» **TASK TO CARRY OUT**
The answer must be the lines from the one containing "Good vintage condition" through the last line of the data below, copied exactly, with nothing else.

» **DATA BELOW**

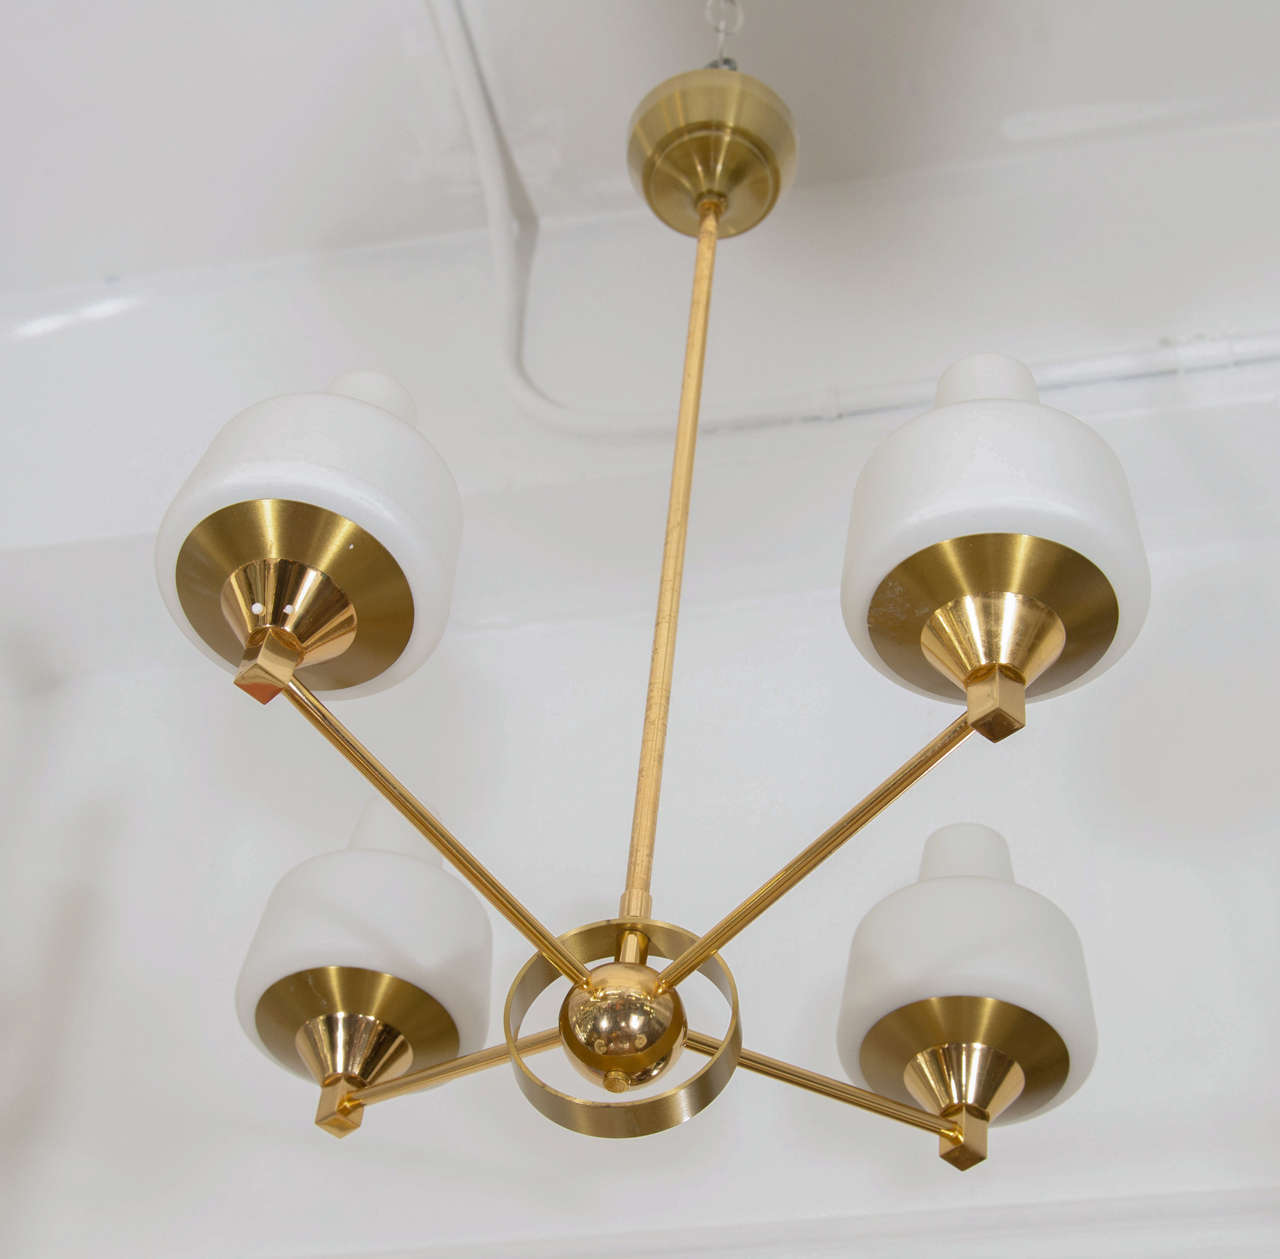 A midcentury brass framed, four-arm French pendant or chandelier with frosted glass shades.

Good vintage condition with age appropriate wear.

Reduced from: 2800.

» **PROBLEM SOLUTION**
Good vintage condition with age appropriate wear.

Reduced from: 2800.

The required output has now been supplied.